In the midst of crisis you can always find opportunity and there's a pretty big opportunity here. We're seeing food and beverage sales as well as companies in the wellness category skyrocket on Amazon. Their average return on ad spend (ROAS) has gone from 4.5x to 6x–an almost 30% increase!–in a week.
Amazon is prioritizing the distribution of household essentials until April 5th, 2020. This might impact a lot of sellers, but it also leaves the door open for sellers who can meet that criteria and demand. Categories classified as essential will include: baby, health, household, beauty, personal care, grocery, industrial, scientific and pets.
A number of products categories are seeing a massive spike in sales. Including bottled water (up 78% week-over-week) and vitamins/supplements (up 78% week-over-week).
This industry in particular was likely one of the first (outside of travel, hospitality, and medicine) to feel the sting of the coronavirus. Virtually all major events and many more on a local scale have been canceled.
This left companies reeling, especially those that rely on conferences to generate significant lead flow to their businesses. This reality led to many companies taking their events online.
Hawke Media decided to pivot our event presence to digital as well, with the advent of Quarantine Conference.
On April 7th, 2020 Hawke Media will hold a full day of programming aimed at helping businesses navigate the complicated landscape marketing and selling during and post-coronavirus.

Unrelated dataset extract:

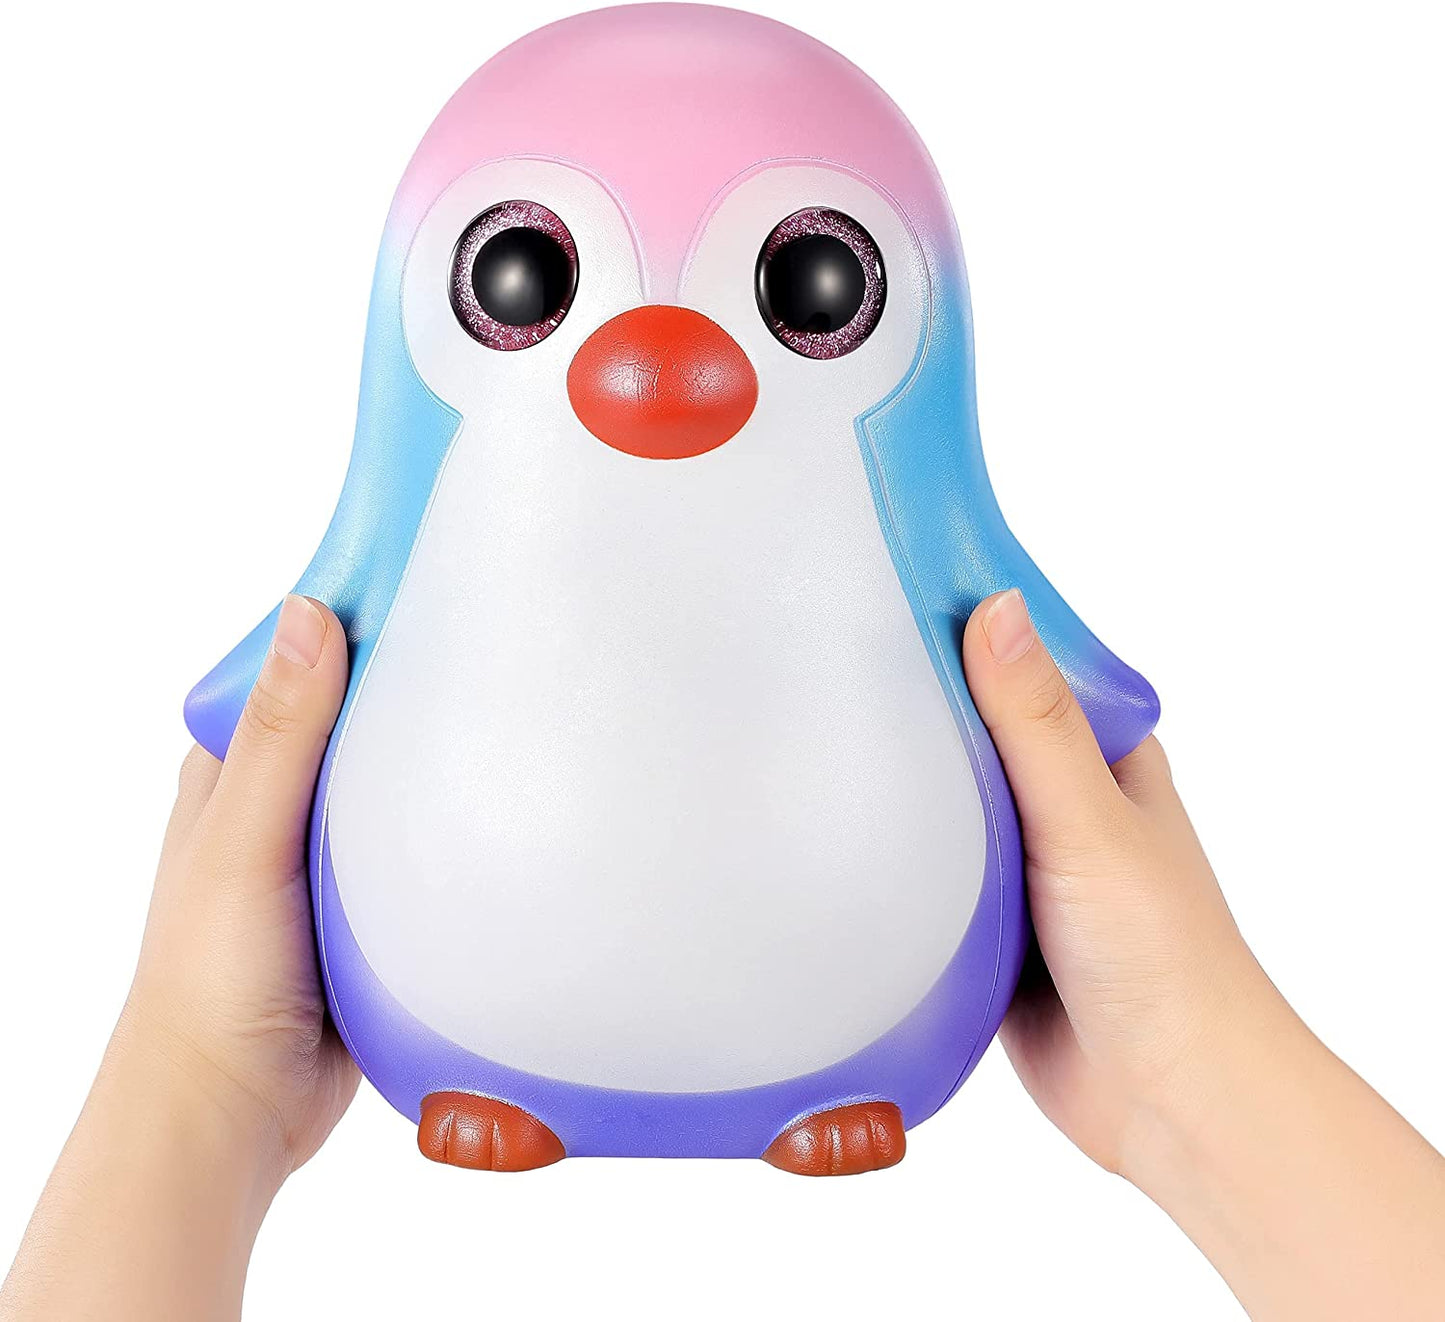 Jumbo Squishy Toys, Giant Animals Squishy Slow Rising Squeeze Toy, Fidget Toys, Stress Reliever, Adorable Decor for Home Office(Pink Head Penguin)

Featured speakers include Brandon Webb, former Navy Seal, New York Times Bestseller, Entrepreneur, and pilot.
In a traditionally high-contact environment where agents meet with potential clients in-person, real estate could see a big dip because clients will be more reluctant to participate in showings.
One real estate company is getting ahead of this by training its agents to do virtual showings and reach potential customers on social media. Evergrande Real Estate Group, has implemented a digital-first strategy that could help propel it through these uncertain economic times.
The legalization and normalization movement for cannabis and CBD have led forward-thinking nations and states to it becoming one of the most talked about and fastest growing sectors.
Coronavirus would seemingly curtail this, however many dispensaries and brands are weathing this by offering a more conscious approach to safety restrictions. For example, LA Kush, a Los Angeles-based dispensary is offering customers the option to pick up or even have their orders delivered.
This coming as no surprise in an industry where retailers have always been quick to adapt out of necessity because of changing regulations, with California legal cannabis sales skyrocketing 159% in a single day.
Big online retailers like Amazon will own the day during this crisis because their supply chain and fulfillment infrastructure is optimized for this scenario, but e-commerce will still be pushed to its limits as online sellers will have to prove they can keep up with demand.
The success of online retailers gives other businesses a framework for how they can pivot to digital-first models in order to survive what is sure to be a proving ground for lots of businesses worldwide.